Between the Deep Blue is an invitation to question how we can transform past traumatic histories into new ways of living and healing through a series of ocean-linked workshops and events held in an immersive space.
Listen to the water singing the traumas it has been carrying for centuries, to the disappeared stories dragged into the darkness of the ocean. Listen to the forgotten voices and remember their pain.
Remember the ones who used to be in this blue immensity.
Activating the sea cow as a symbol of the ocean’s witnessing of traumatic experiences, Between the Deep Blue wishes to commune with the wounds of the triangular trade and its present legacies by linking Laakkonen's works to Alexis Pauline Gumbs’ text Undrowned (2020). Honouring the story of the mammal, Gumbs reveals how it was hunted until extinction within 27 years of its discovery as collateral from the colonisation of North America and the hunger for fur and blubber.
The space is created in collaboration with North Carolina based artist Ambrose Rhapsody Murray and Slovenian sound artist Robertina Šebjanič. Engaging with Gumb’s text, Murray’s textile presented in the room explores migratory flows of people journeying through the seas and its ecological and historical impacts. Šebjanič’s sound piece enters into dialogue with Ambrose's aquatic works to amplify the feeling of immersion into water. Atlantic Tales (2020) is a musical composition sung in traditional Irish sean-nós style, addressing human and non-human oceanic migratory journeys in the age of the Anthropocene. In this multi-sensorial space, invite your body to rest and experience beyond the gaze, allowing senses to wash over you.

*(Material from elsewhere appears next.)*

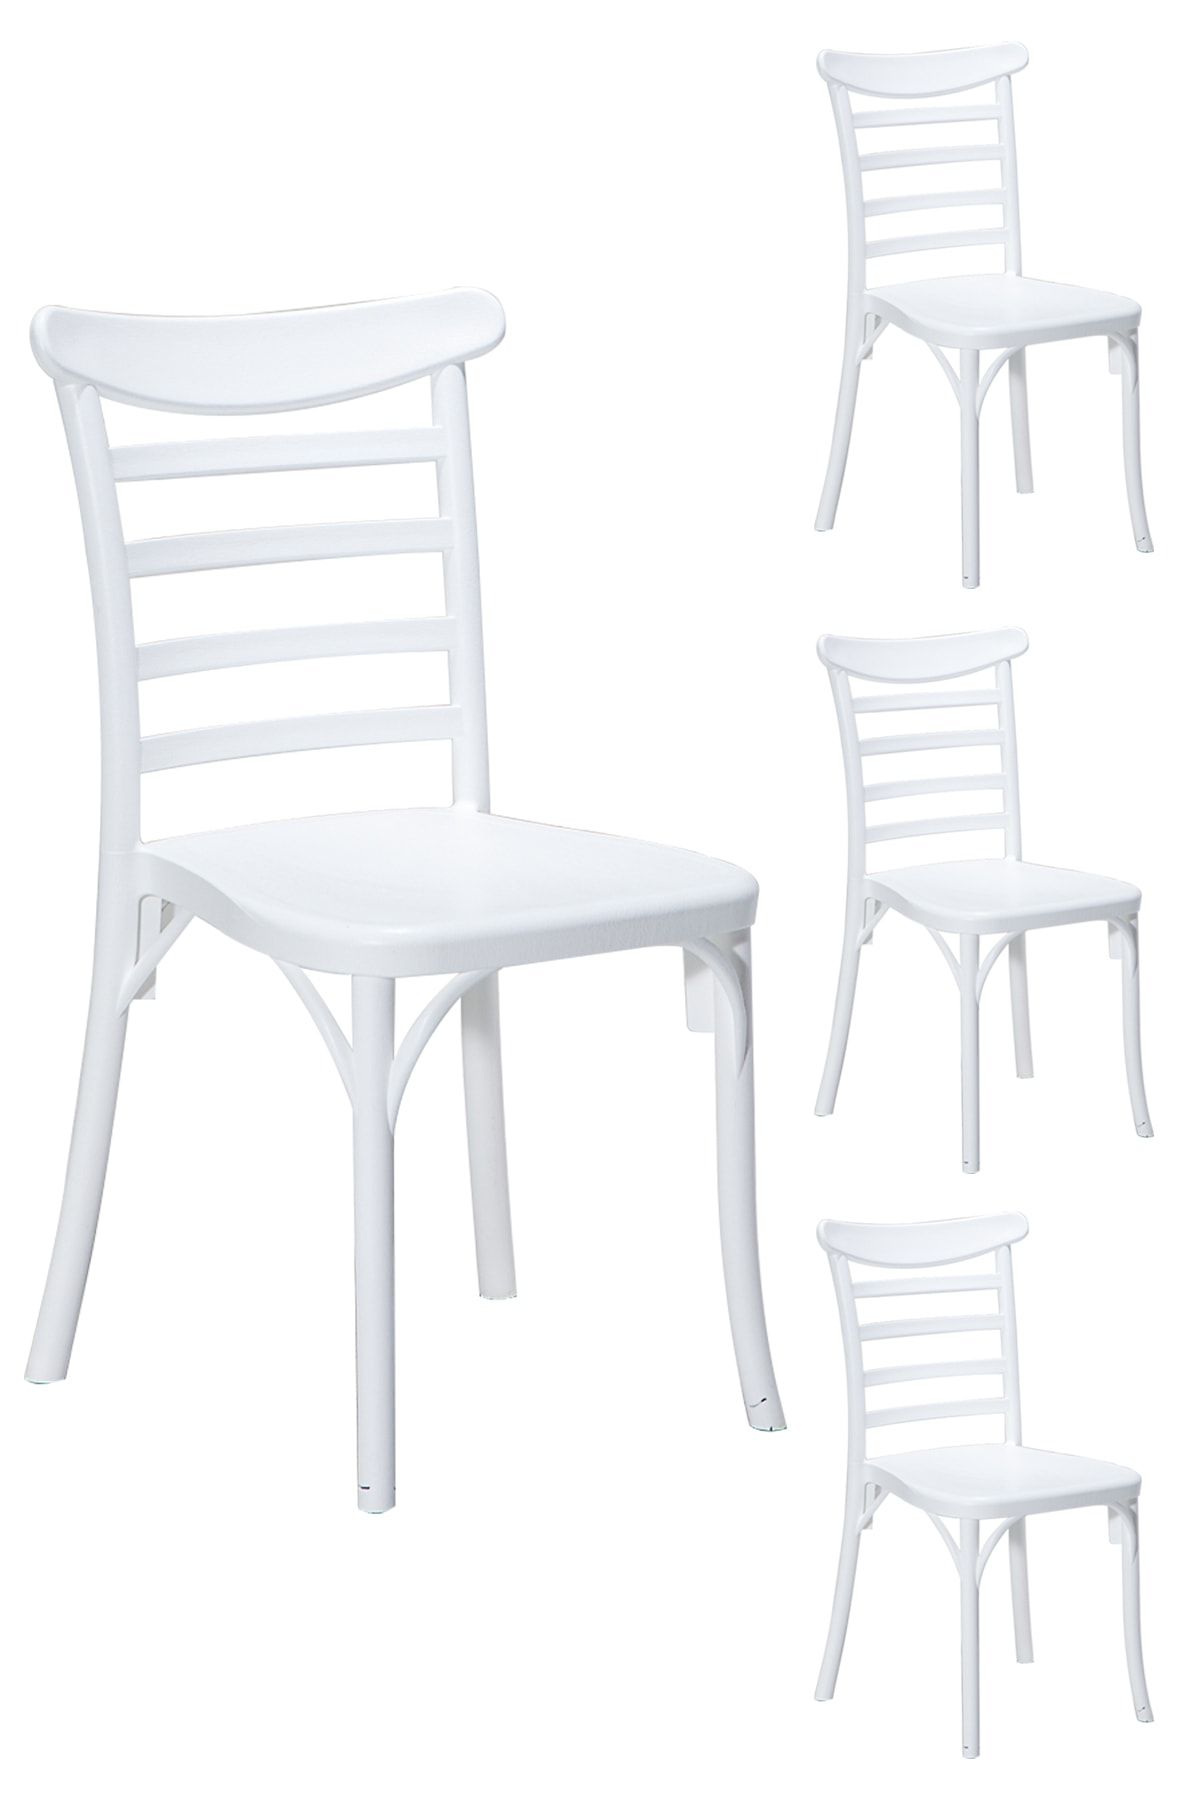 SANDALİE 4 Adet Efes Beyaz Sandalye / Balkon-bahçe-mutfak

Through a series of workshops and events, the space becomes an invitation to actively dive into layered stories. An artist talk between Ambrose and Alexis, a meditation evening held by artist Laetisha Davine Lovelace-Hanson, the screening of Ella Frost, Soha Salem and Aisha Mirza’s film What you love too much to lose (2021) and workshop about more-than-human storytelling, and a plant-based photography development workshop offered by Kathryn Attrill, transform the space by sparking different conversations and providing tools to heal from past traumas and find new ways of living.
This public programme is curated by Antoine Schafroth, Mattie O’Callaghan, Jeanne de La Masselière, Weiduo Liu, Isabelle Lily Cain, JinYao Wang, Aleksandra Wojt, Carianne Annan, from MA Curating Contemporary Art Programme Royal College of Art as part of the Graduate Project 2022, in partnership with Gasworks.